Poor compression of >20GB exe/msi/cab sample
-
@spwolf said in Poor compression support:
@diskzip do you plan to add full MT support for 7z? I think that is a must have if you want people to use your tool over 7z. Otherwise, it is much easier to test 7z with just using 7zFM since we can use 8t cpus properly and it cuts down testing on 20gb files by significant margin (35m vs 140m for this test on my computer).
Or does DiskZip do anything else for 7zip that affects compression, are results different between 7z and diskzip using 7z?
DiskZIP is fully multi-threaded, but the default compression profiles all favor smaller archive size over processing speed, so you would need to edit your compression settings in the DiskZIP GUI to spread usage over more cores. I am escalating this request internally to see where the magic happens here.
Note that with standard 7-Zip (or DiskZIP that consumes standard 7-Zip from a structured DLL interface), you need to limit thread counts to two for obtaining the best results. While LZMA2 has been optimized to spread the workload across multiple threads, doing so always does very substantial harm to the compression savings realized.
DiskZIP does not do anything that affects compression, so results should be 100% identical between 7-Zip and DiskZIP.
-
@diskzip said in Poor compression support:
@spwolf said in Poor compression support:
@diskzip do you plan to add full MT support for 7z? I think that is a must have if you want people to use your tool over 7z. Otherwise, it is much easier to test 7z with just using 7zFM since we can use 8t cpus properly and it cuts down testing on 20gb files by significant margin (35m vs 140m for this test on my computer).

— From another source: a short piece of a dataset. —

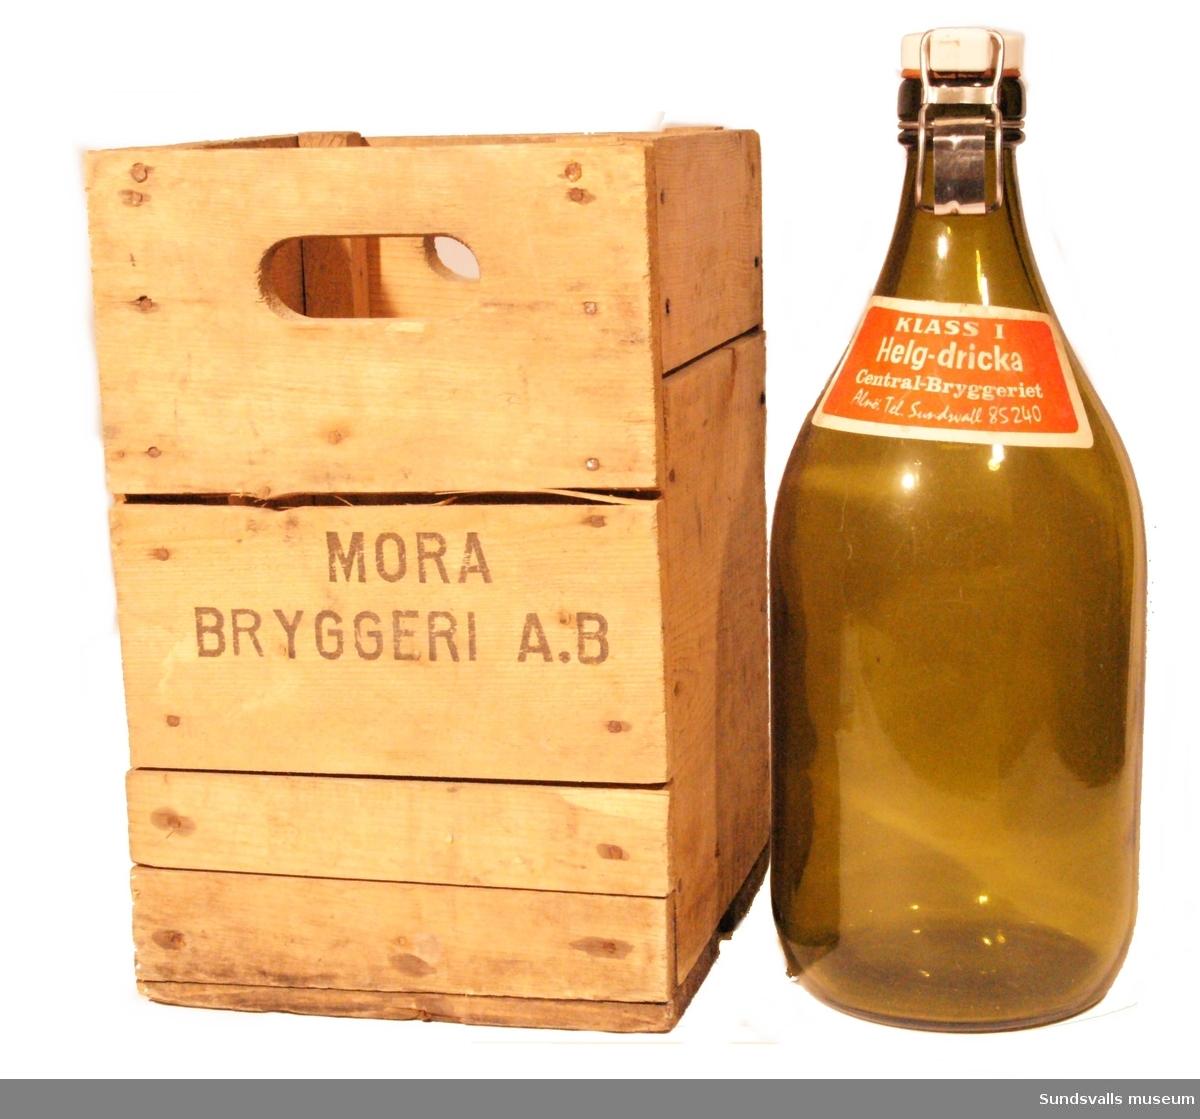 Flaska i gröntonat glas och patentkork från Central-Bryggeriet, Alnö. Etiketten i rött och vitt har texten 'KLASS 1, Helg-dricka, Central-Bryggeriet, Alnö. Tel. Sundsvall 85240'. I botten är flaskan märkt 'S 64' i relief och på korken kan man läsa 'KLASS 1'.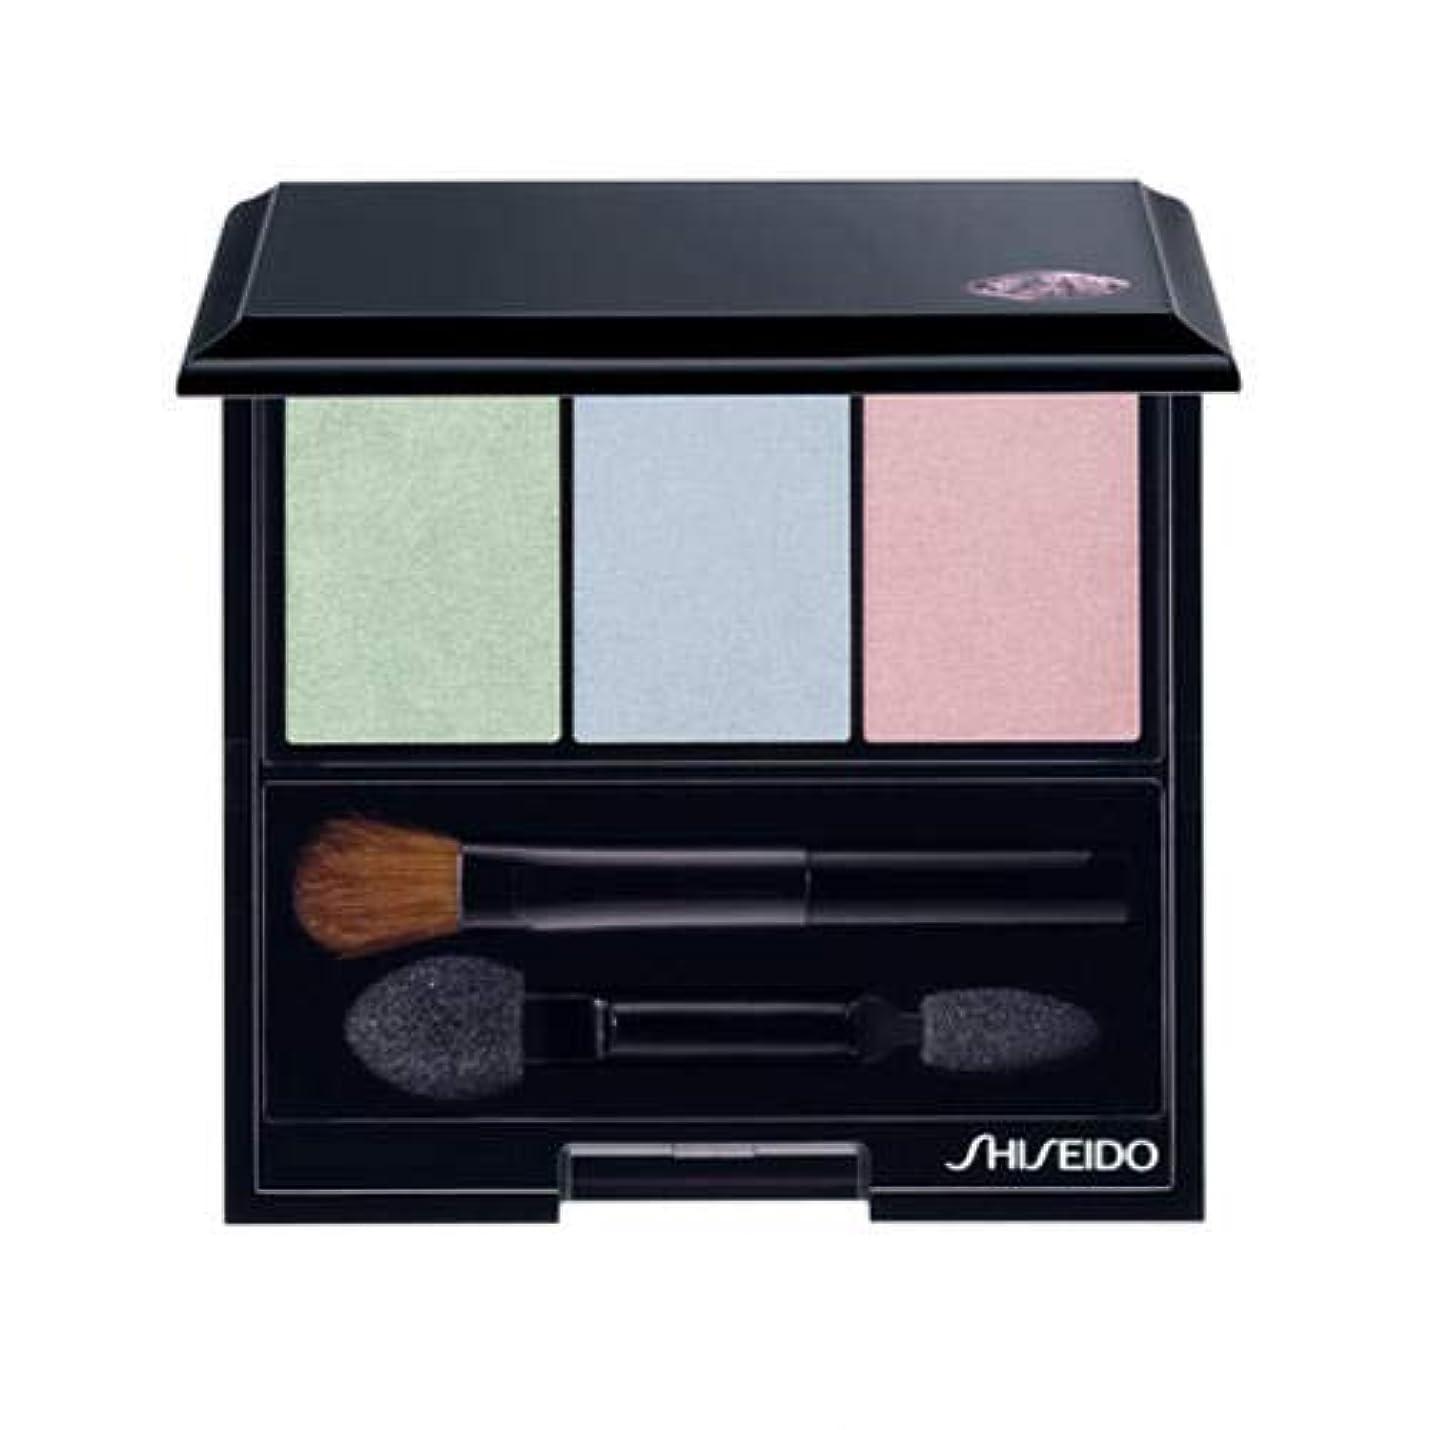 貧困インサート強制的資生堂 ルミナイジング サテン アイカラー トリオ BL215(Shiseido Luminizing Satin Eye Color Trio BL215) [並行輸入品]

Or does DiskZip do anything else for 7zip that affects compression, are results different between 7z and diskzip using 7z?
DiskZIP is fully multi-threaded, but the default compression profiles all favor smaller archive size over processing speed, so you would need to edit your compression settings in the DiskZIP GUI to spread usage over more cores. I am escalating this request internally to see where the magic happens here.
Note that with standard 7-Zip (or DiskZIP that consumes standard 7-Zip from a structured DLL interface), you need to limit thread counts to two for obtaining the best results. While LZMA2 has been optimized to spread the workload across multiple threads, doing so always does very substantial harm to the compression savings realized.
DiskZIP does not do anything that affects compression, so results should be 100% identical between 7-Zip and DiskZIP.
i could not find anything, even for smaller sets and less memory needed, it only uses around 20% of my cpu (8t cpu), while with same files and settings 7z would use up to 100%.
With only dictionary changed to d128M, i get 60MB smaller file by using 7zip vs using DiskZip. Something you can try on your end as well, maybe some other setting to be changed?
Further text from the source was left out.